Dust is the working title for a multi-paradigm, expression-based, interpreted programming language. The development and design of Dust is largely intended as a hobby project that would explore how programming languages are designed and implemented by growing and nurturing the small seed that has sat in my mind for a couple of years into a fully-featured language. It is not intended to be a "research" endeavor that seeks to try out new paradigms and implementations. Indeed, many of dust's features are cobbled together from many different languages (ie. C++, Lua, Haskell, Python).

Note: As of 8/3/2016 I have stopped active development on Dust. There may be some updates in the future as the desire strikes me, but development is otherwise frozen. In starting this project, I set out to learn how languages and interpreters are developed and implemented and I have accomplished that goal for a long time. All that is left for me to do with this project is the slight tweaking and improvements that would be necessary to make this language perfect. However, since I see no future for the language in public use and I have begun to dislike some of my design decisions (type system too simplistic, hacky implementation, etc), the cost of continual working on this project outweighs the desire and time to continue it. So after some deliberation, I've decided to say goodbye for now.

Dust is built using the PEGTL library to implement its parsing algorithm. Many thanks to ColinH for both creating an intuitive and efficient parsing library, and for providing excellent documentation.

Dust is built and designed using Visual Studio 2015 and remains untested on other compilers. However, provided the compiler supports C++14, compilation should not be an issue. Currently the Dust interpreter and runtime (including repl loop and test suite) consist of just over 5000 SLOC, split across header and source files

Dust

Now with the introduction and technical details out of the way, allow me to show you a quick run-through of dust syntax, semantics and features.

print("Welcome to the Dust Language")			## Note: Functions are not yet implemented in the interpreter

Semantical Design

Dust is designed to be an expression-based programming language.
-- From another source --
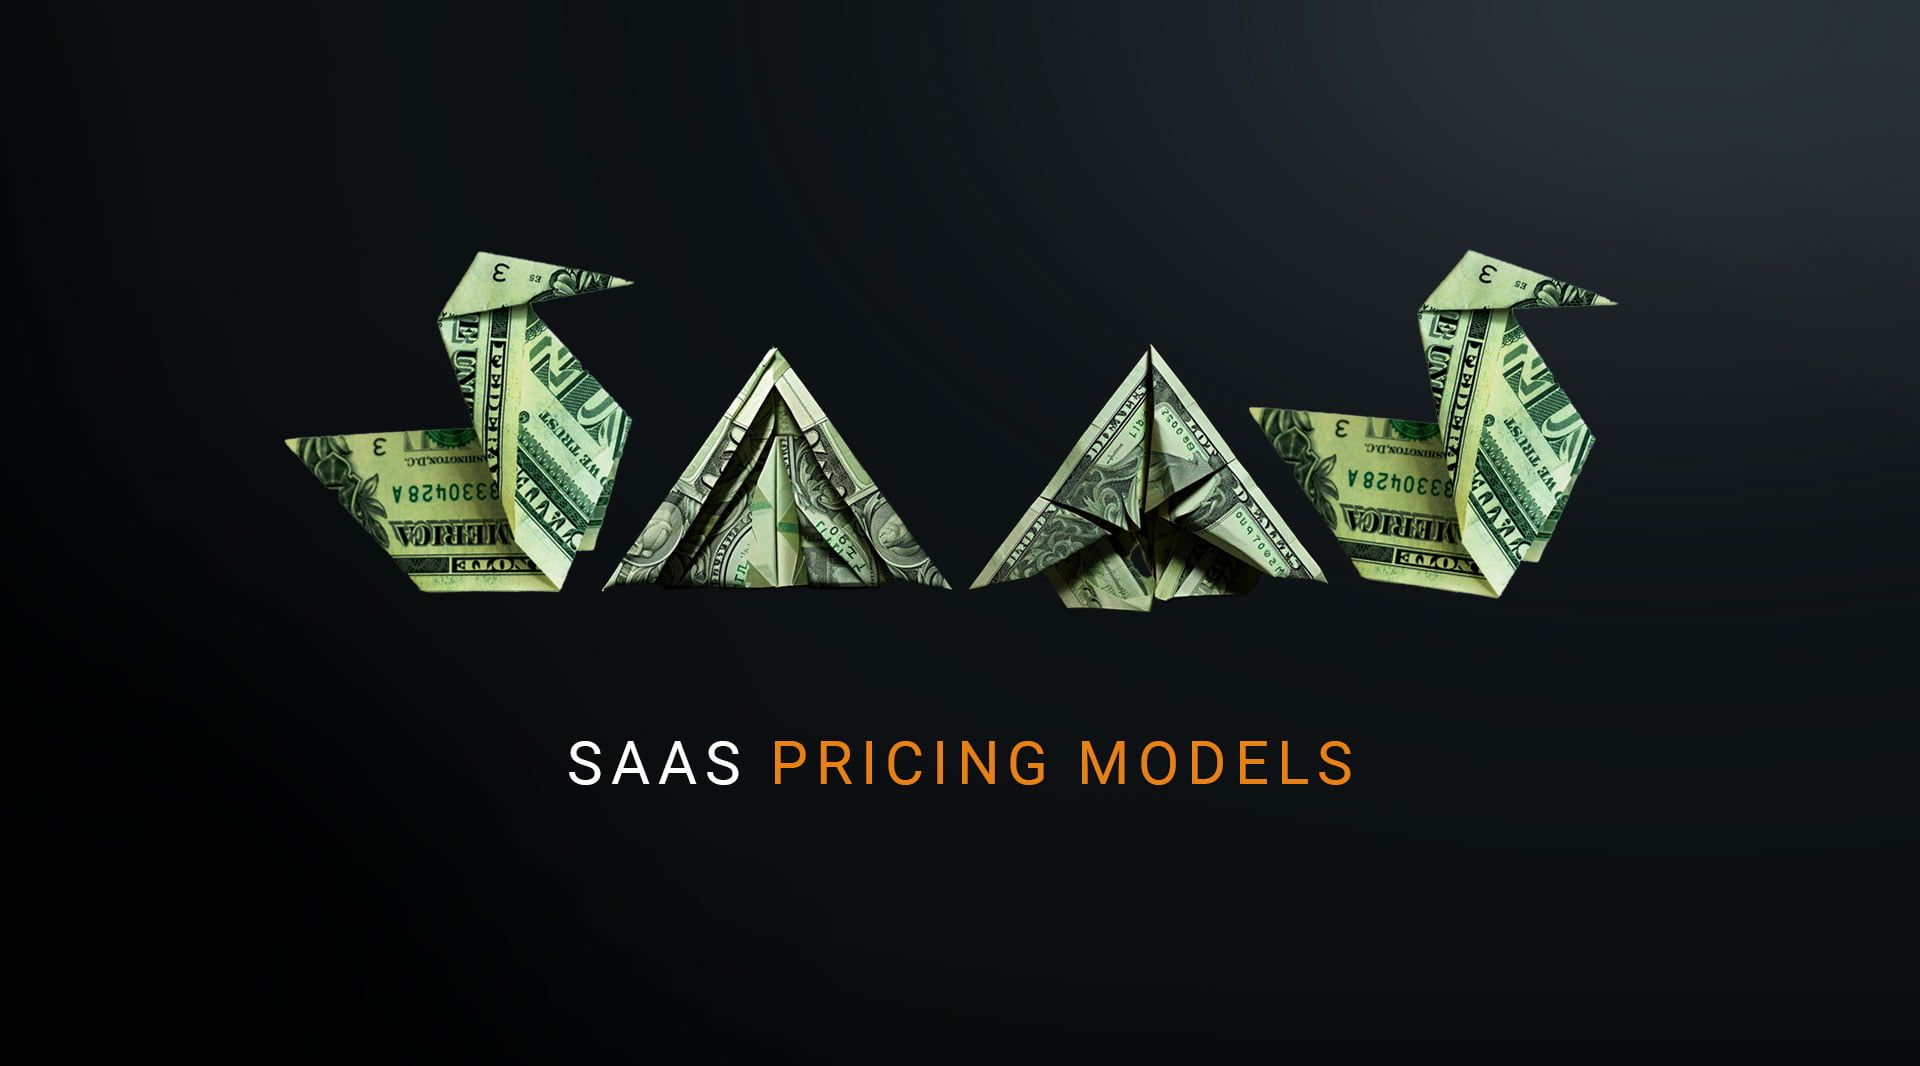 saas pricing models

This means that every, or nearly every, construction in dust is reducible to a single value, which can then be used by other expressions or ignored. [BENEFITS OF THE EXPRESSION-BASED MODEL].

Dust also natively supports many programming paradigms, including OOP, imperative, and functional styles (Though currently the functional support is lacking).

Basic Syntax (needs work)

Scoping in dust is performed similar to python, being dependent on explicit indentation (currently a '\t' is expected, see Issues #19).
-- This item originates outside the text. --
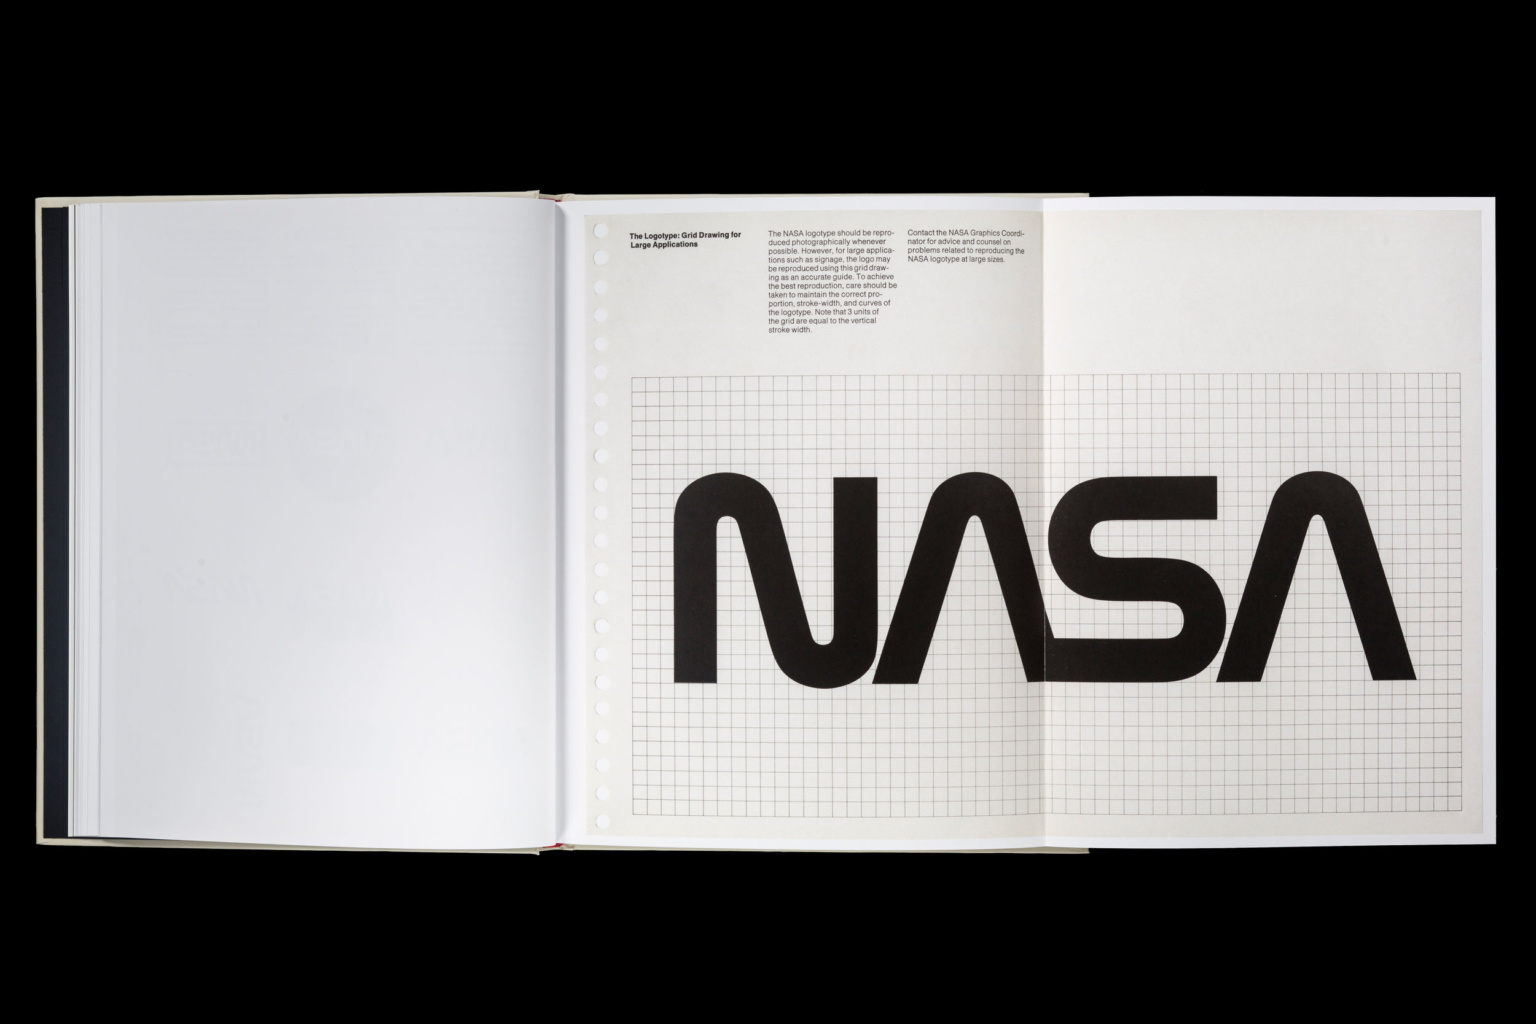 Il manuale grafico della NASA del 1975

Two #'s are used to start a single-line comment. There is currently no syntax for multi-line comments.

Assignments

An assignment in dust is performed through the ':' symbol, expecting a list of variables on the left and an expression list on the right. An assignment expression evaluates to the value of the last assigned variable and has the lowest priority of all dust expressions.

b: 3 ^ 2
(a: 1) = 1                             ## true
c: b = 8 + a                           ## true

Compound assignments can be performed by appending a binary operator after the assignment operator (eg. ":+"). The expression is then evaluated as if the variable being assigned was spliced in between the assignment and the compound operators. The original expression is treated as if it was surrounded by parentheses.

a: b: 1
(a:* 2 + 2) = (b: b * (2 + 2))         ## true

Dust also supports multiple assignment, hence the expectation of a list on both sides. A multiple assignment expression is basically a compaction of many lines into one statement. The number of variables is rather straightforward, but the number of expressions is a bit more involved due to multiple returns (variables will also gain the "splat" symbol in the future). A function returning multiple values can be viewed as increasing the number of "expressions" be the number of extra values.

When there are more variables to be assigned than values to give them, the extra variables are assigned 'nil'. When there are more values than variables to take them, any leftover expressions are not evaluated. In the case of functions, however, this guarantee doesn't hold for multiple returns. The expression list is evaluated before any assignments are made and a swap in dust is rather trivial as a result.

a, b, d: b, a, 4					   ## simple swap
a, b, c: 4, 3, 2, (d: 1)               ## 'd' is still equal to 4 as the assignment is never evaluated
a, b, c, d: 1, 2, 3                    ## d is now equal to nil

Tables

The prime organizational tool that dust provides to programmers is the table, an associative container that can have both keys and fields of any type. Tables are found everywhere in dust; scoping is even handled using tables (though scope tables aren't tracked by the garbage collector while they are scopes).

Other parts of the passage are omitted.